Treść opublikowana przez tup_tup

  1. U mnie troszkę inaczej to wygląda, ja chyba wciąż nie mogę uwierzyć, że ten problem, problem który znałam jak dotąd tylko z literatury dotyczy właśnie mnie... [Dodane po edycji:] Co by to nie było, pozbądź się tego szybciutko :)
  2. Z takim podejściem napewno... Wiesz co robiłam przez te 6 lat żeby nie skupiać się na sobie, żeby nie myśleć, nie analizować, żeby ukryć siebie przed sobą samym? Pracowałam jako wolotrariusz w stwowarzyszeniu, które zajmowało się dziećmi z rodzin alkoholików. To było niesamowite lekarstwo. Niestety w końcu miarka się przebrała, już nie umiałam dusić w sobie, wtedy zaczęłam szukać pomocy. Szkoda, że tak późno... Twoje doświadczenia sprawiają, że w wielku kwestiach życia potrafisz zrozumieć więcej niż inny, podziel się tym!
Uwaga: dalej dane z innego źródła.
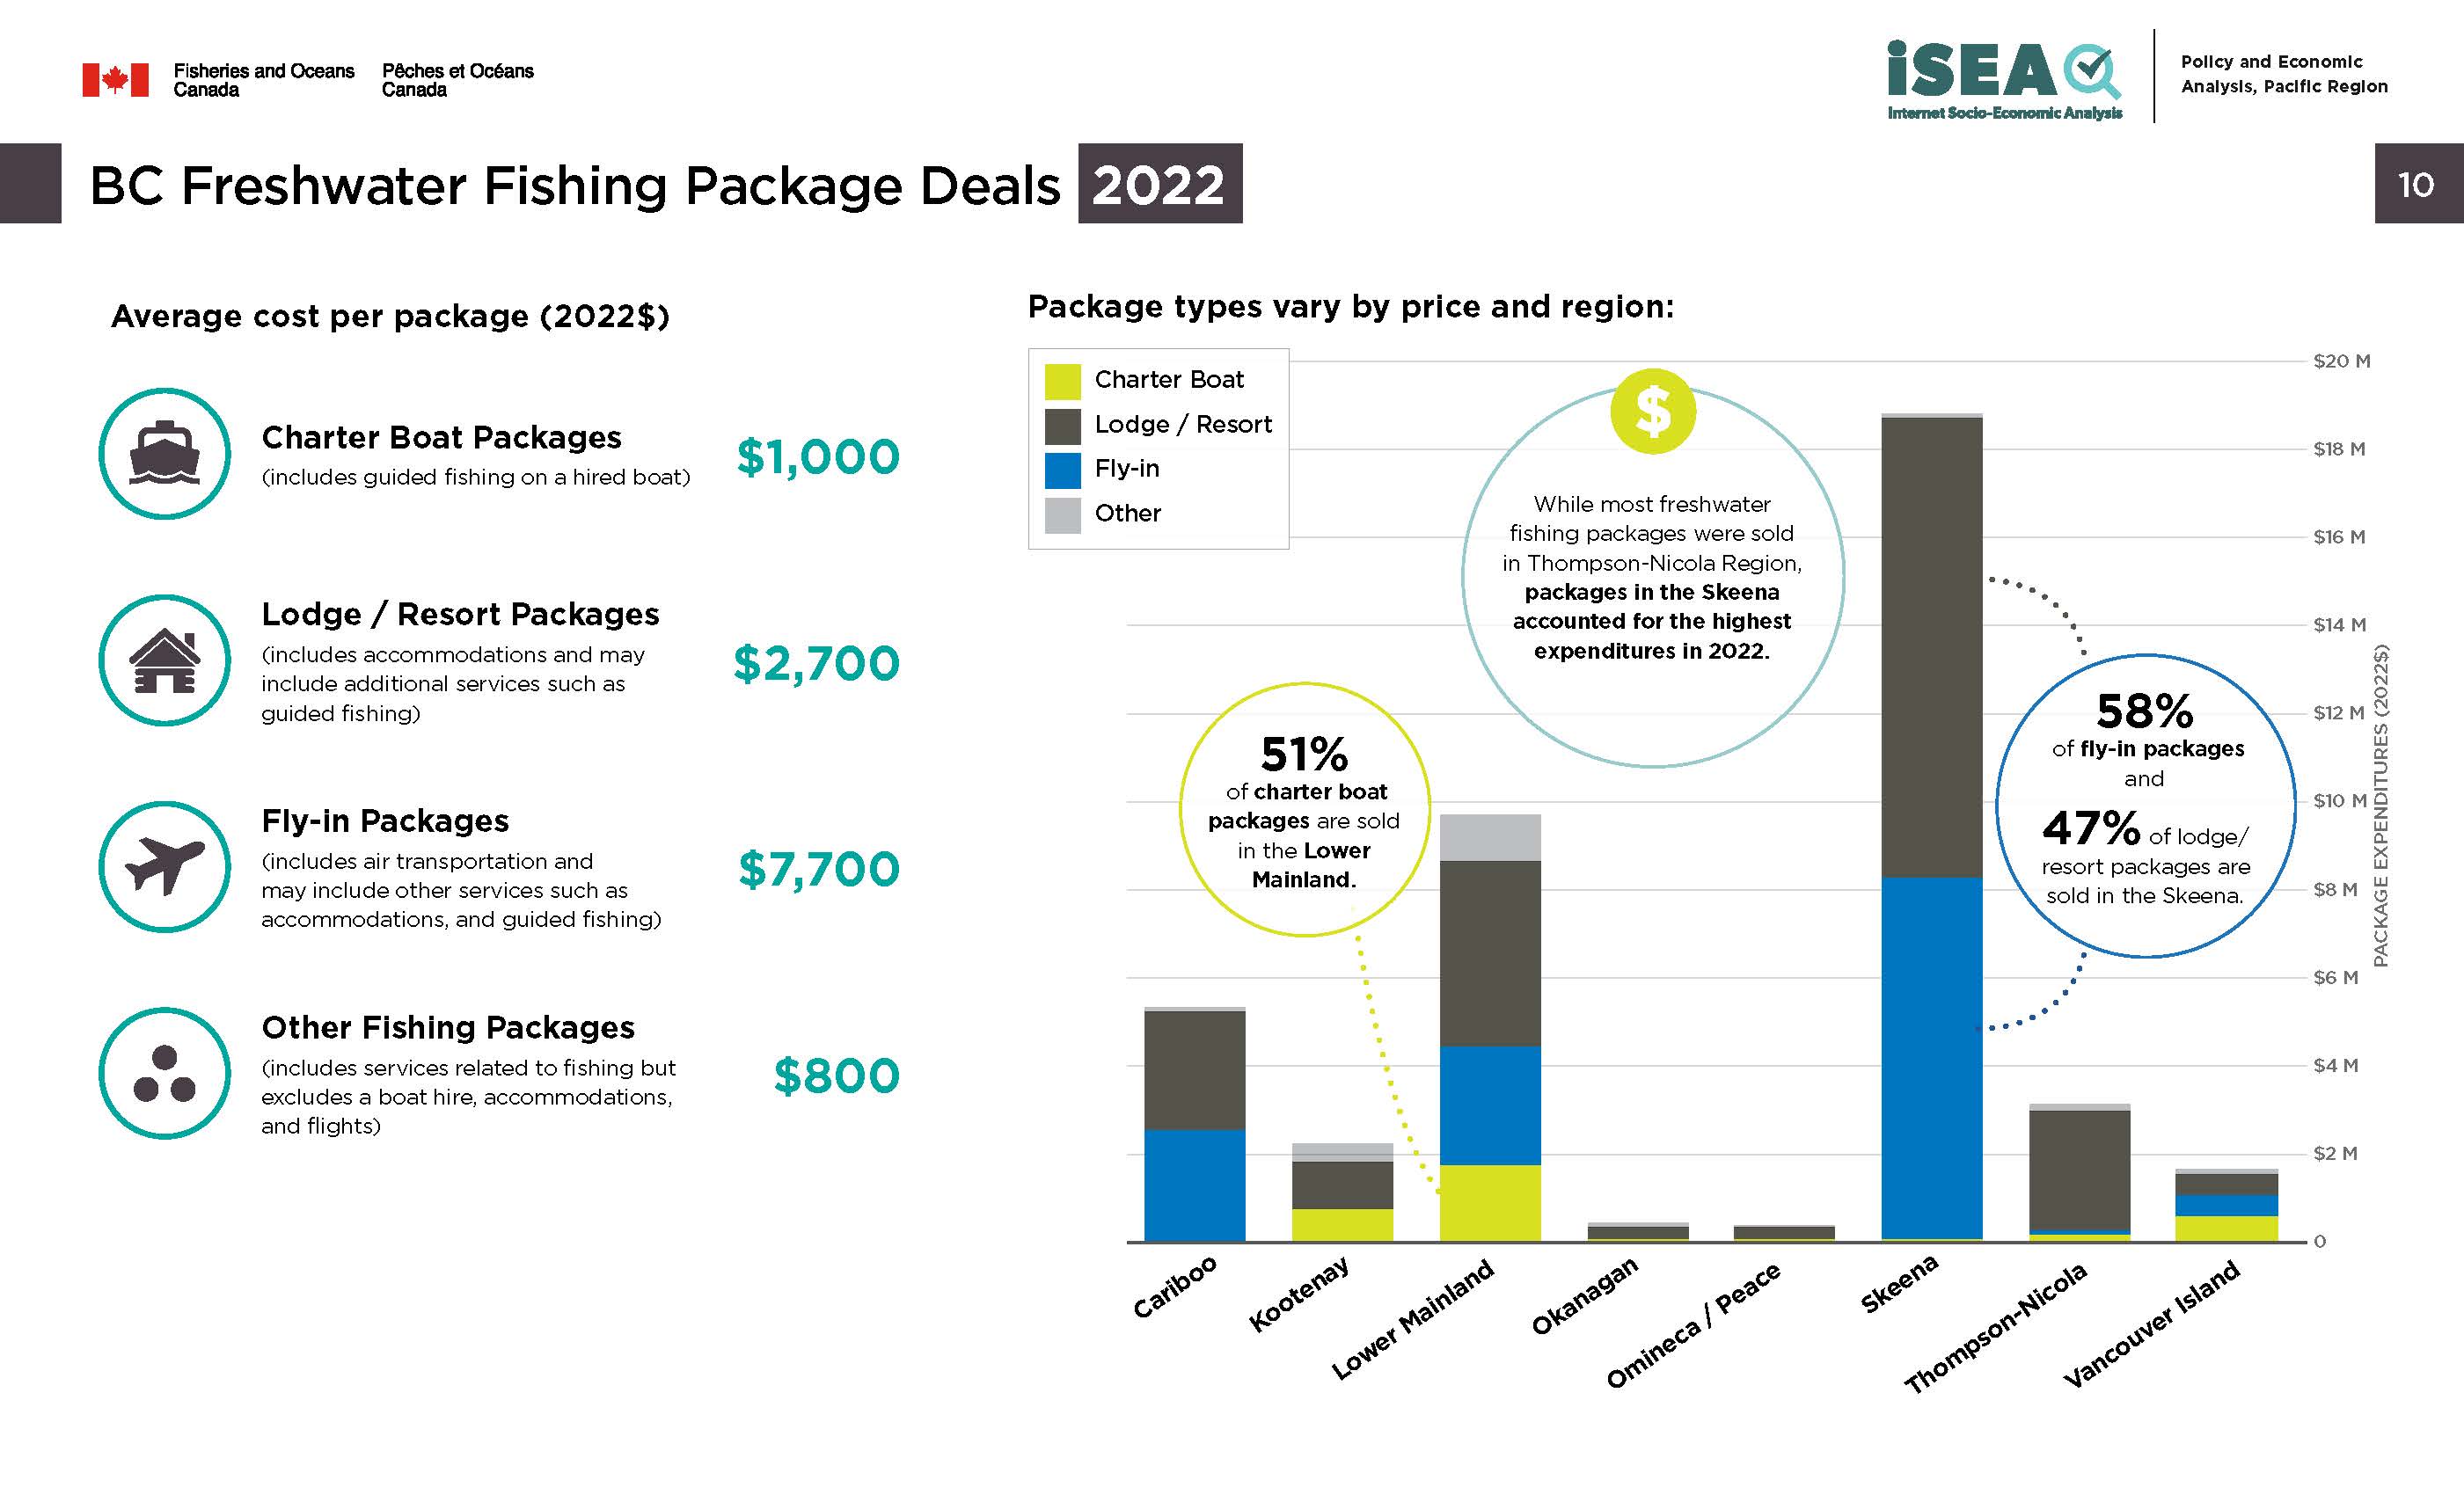 Photo: infographic of BC freshwater fishing package deals, 2022

Podziel się swoim doświadczeniem i swoim bólem... :)
  3. "Łap szczęście za nogi..." - skąd ja to znam, a ile razy się na tym przejechałam, nawet tutaj... ;( Każdy z Nas stara się jakoś pomagać i radzić i sobie i innym, i każdy z nas ma też te gorsze dni, a wtedy (przynajmniej w moim przypadku) lepiej tutaj (i nigdzie indziej) nie wchodzić, bo wtedy brak odpowiedzi, długie oczekiwanie bądź niewłaściwa odpowiedz mogą mieć nieodpowiednie skutki. Czekając spróbuj pomyśleć, że może ktoś właśnie teraz potrzebuje Twojego wsparcia, przejdź się po innych topikach... nieidealna życie nie jest łatwe, a z problemami jeszcze trudniejsze, ale po to są takie instytucje jak psychiatra/psycholog/psychoterapeuta by nam to życie ułatwiać. Nie czekaj dłużej, bo pogłębiasz się tylko niepotrzebnie w problemie. Sama siebie w bólu nakręcasz... Znam to z doświadczenia i wiem jak to może boleć. Ja zbierałam się 6lat, teraz wiem, że straciłam co najmniej 6 lat "normalnego" życia... Może gdybym ruszyła wcześniej, dziś byłoby wiele łatwiej. Pozdrawiam i życzę spokojnej nocy, a jutro owocnego dnia...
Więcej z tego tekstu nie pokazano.